La madrina de Carlo Acutis CALLÓ 15 años lo que el niño le susurró el día de su Primera Comunión…-mdue

Mi nombre es Elena Borgetti, y durante 15 años guardé silencio sobre una frase que un niño de 7 años me dijo al oído en un salón parroquial de Milán.
No fue un silencio cómodo. Fue un silencio pesado, de esos que se sientan al borde de la cama cada noche y esperan a que una persona apague la luz.
Fui madrina de bautismo de Carlo Acutis el 18 de junio de 1991, en la parroquia de los Santos Martín y Luis. Antonia Salzano me pidió ese honor porque éramos amigas desde los 16 años.

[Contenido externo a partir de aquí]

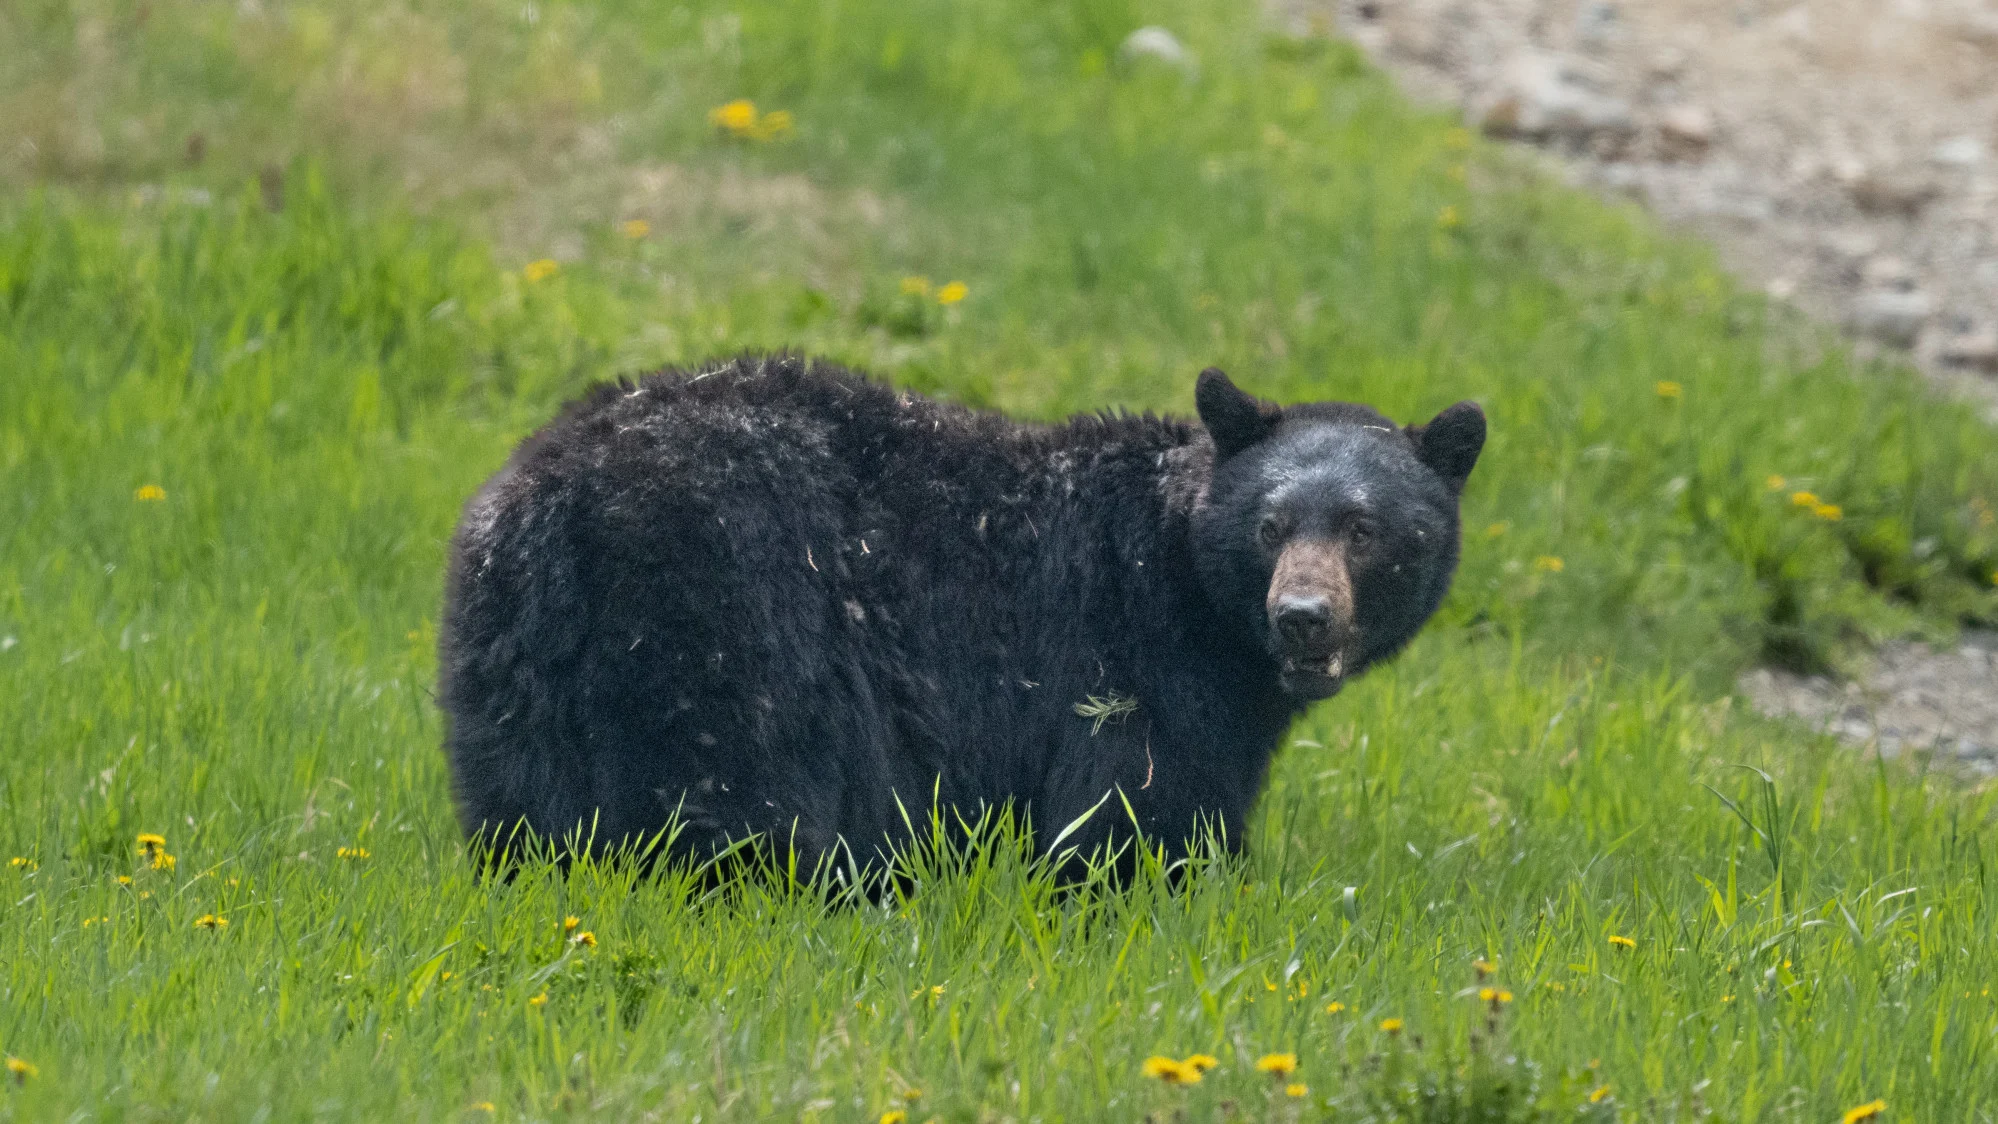 Ontarians urged to be cautious as warm weather may see bears leave dens early

Nos habíamos conocido en el Liceo Científico Alesandro Volta, compartiendo una clase de física que odiábamos con la misma energía. Aquella aversión juvenil se convirtió en amistad, luego en confianza, luego en familia elegida.
Antonia tenía fe. No una fe decorativa, sino una que le organizaba la vida. Yo la observaba desde fuera, con respeto y con distancia, como quien mira una casa iluminada desde la acera.
Yo no era atea. Decir eso habría sonado demasiado decidido. Era indiferente, y la indiferencia puede ser más fría que la negación porque ni siquiera discute. Simplemente pasa de largo.
Carlo nació el 3 de mayo de 1991 en Londres. Cuando lo vi por primera vez tenía 4 días, cabello oscuro, puños apretados y ese olor tibio de leche y sueño que tienen los recién nacidos.
No sentí nada sobrenatural. No hubo luz sobre su cuna ni música invisible. Sentí el peso de 3 kilos y medio en mis brazos y pensé que Antonia sería una madre extraordinaria.
Los primeros años me llegaron en anécdotas. Carlo señalando una imagen de Jesús a los 3 años y diciendo que era su mejor amigo. Carlo preguntando a los 4 por qué había pobres si Dios los quería.
A los 5, cuando su gato siamés chico arañó a una vecina, Carlo pidió perdón durante 40 minutos en nombre del animal. Yo sonreía y archivaba todo bajo la etiqueta de niño sensible.
Mi vida seguía en Porta Romana. Trabajaba 11 horas diarias en una empresa de diseño gráfico, volvía a un apartamento ordenado y encendía la televisión antes de quitarme el abrigo.
El ruido era mi manera de no escuchar. Había aprendido esa defensa mucho antes, cuando mi padre murió de cáncer de pulmón y mis oraciones de niña no cambiaron el final.
Tenía 11 años cuando murió. Durante 9 meses recé el rosario, encendí velas, hice promesas que solo una niña puede hacer creyendo que el cielo negocia.
Mi padre murió igual. Algo en mí concluyó que Dios no existía, no escuchaba o no se interesaba lo suficiente. Esa conclusión se quedó instalada durante 18 años.
Carlo no podía saber eso. Nadie lo sabía. Yo misma lo había enterrado tan hondo que lo confundía con carácter, con madurez, con sentido práctico.
El 3 de junio de 1998, Carlo hizo su Primera Comunión en la parroquia de Santa María Segreta, en Milán. Era miércoles. La iglesia olía a lirios, incienso y tela recién planchada.